** SUPPLIED DATA follows **

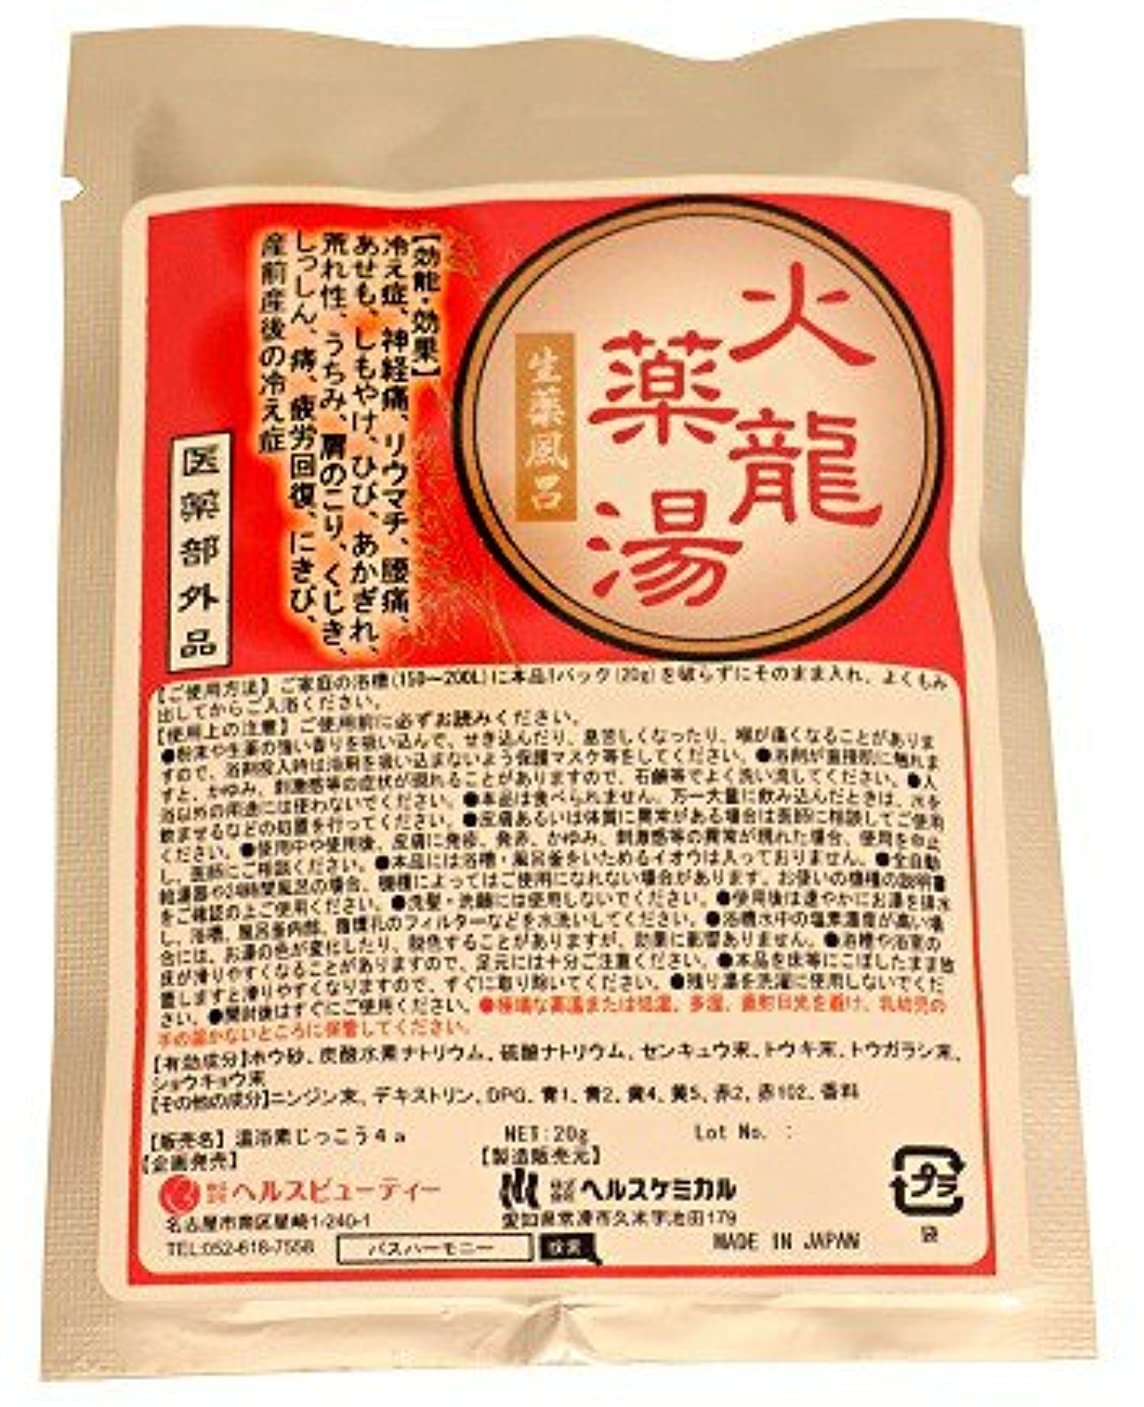 平和気絶させる慈悲深い火龍 薬湯 分包 タイプ 1回分 生薬 薬湯 天然生薬 の 香り 医薬部外品
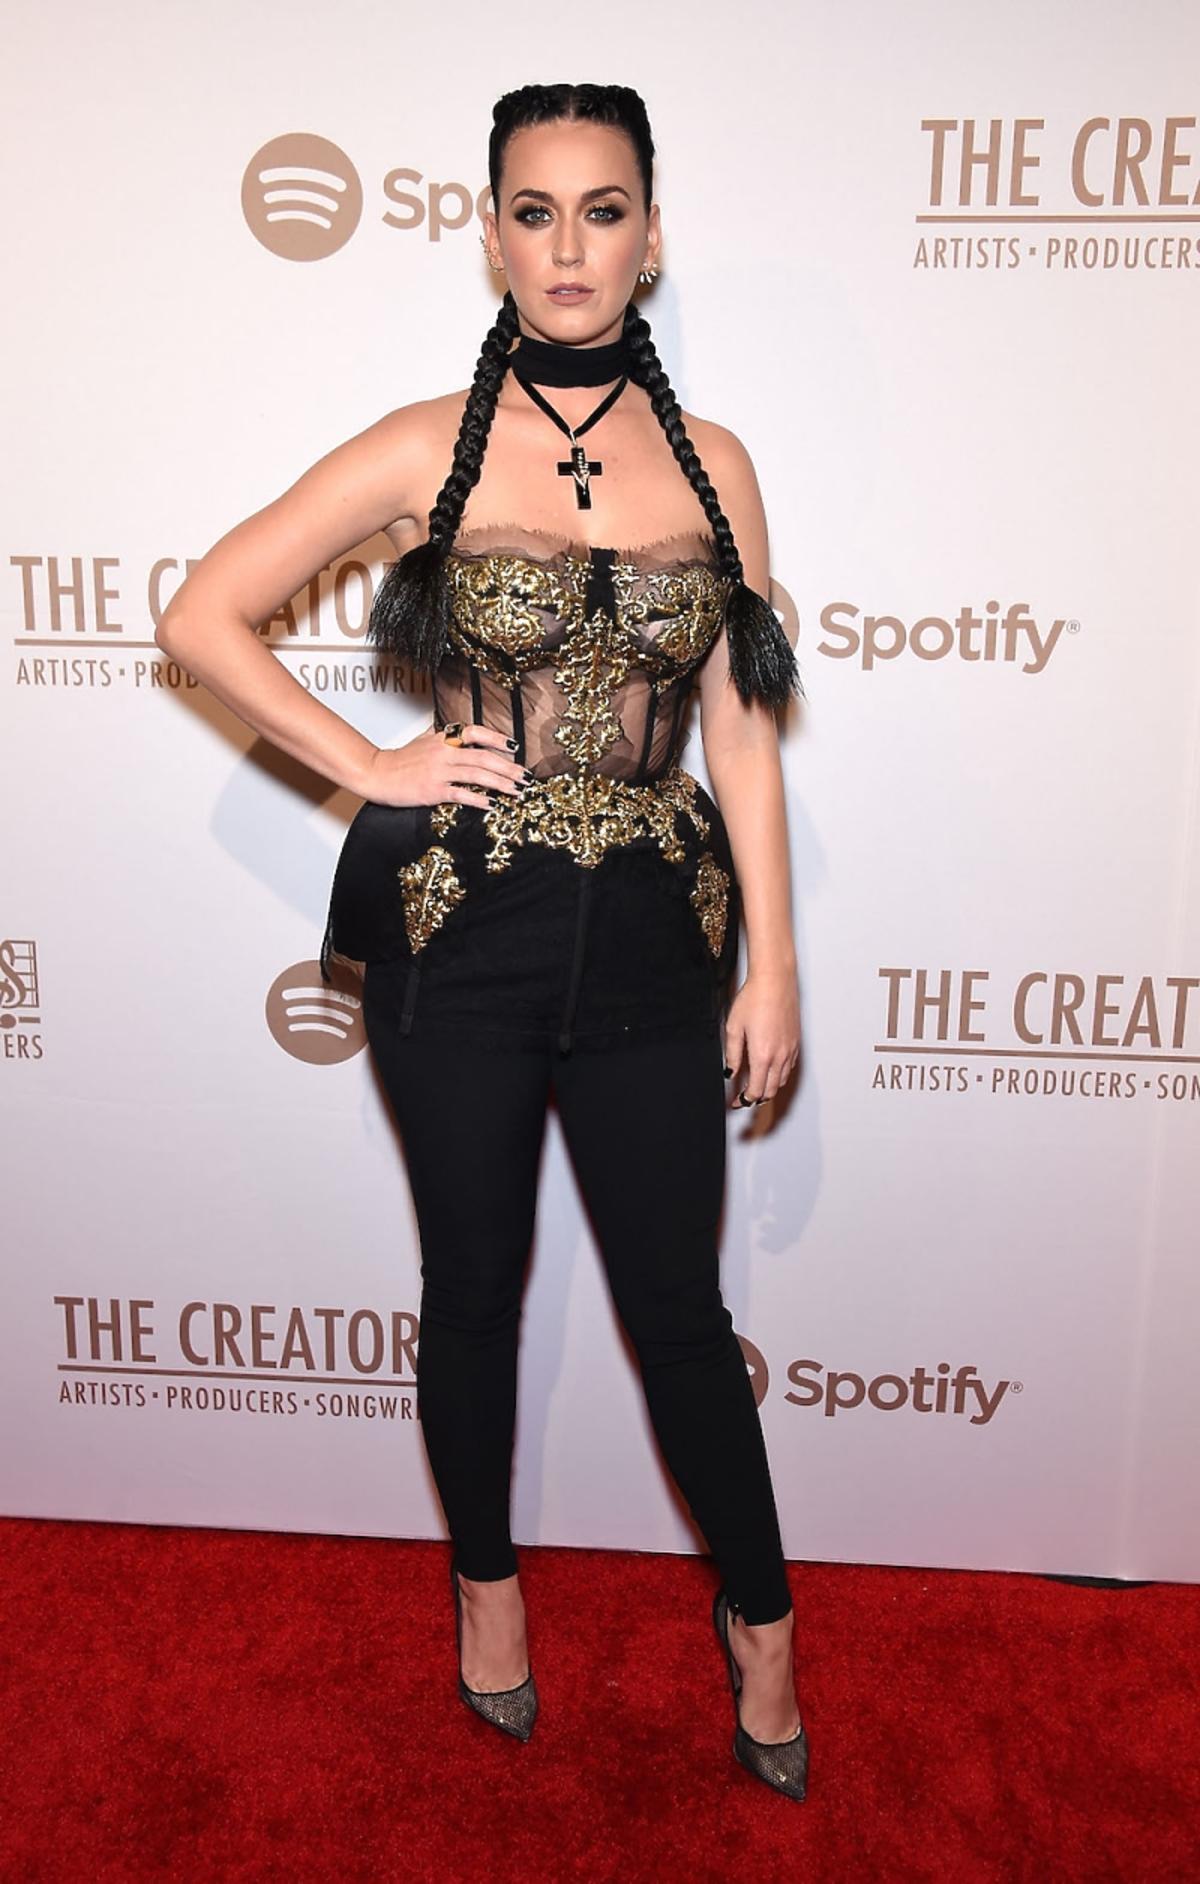 Katy Perry w czarno-złotym gorsecie i czarnych spodniach, z czarnymi długimi warkoczami
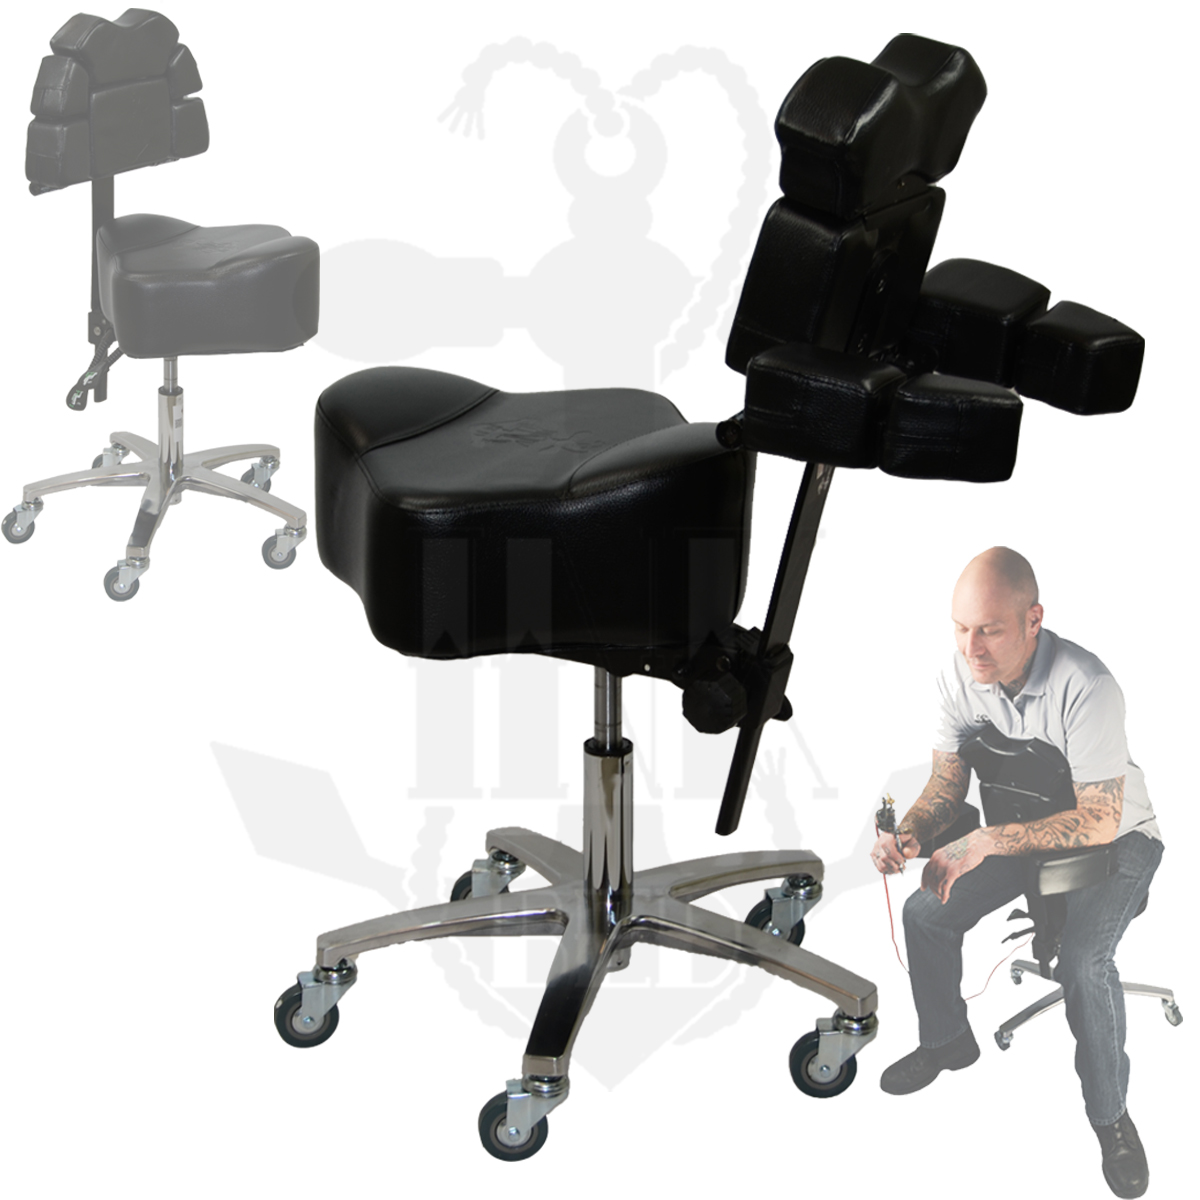 inkchair inkstool deluxe ergonomic client artist package inkbed

** End of SUPPLIED DATA **

EXERCISE GOAL: Could you copy the lines above exactly and skip the images?

RESULT FOR THIS EXERCISE:
 平和気絶させる慈悲深い火龍 薬湯 分包 タイプ 1回分 生薬 薬湯 天然生薬 の 香り 医薬部外品
 Katy Perry w czarno-złotym gorsecie i czarnych spodniach, z czarnymi długimi warkoczami
 inkchair inkstool deluxe ergonomic client artist package inkbed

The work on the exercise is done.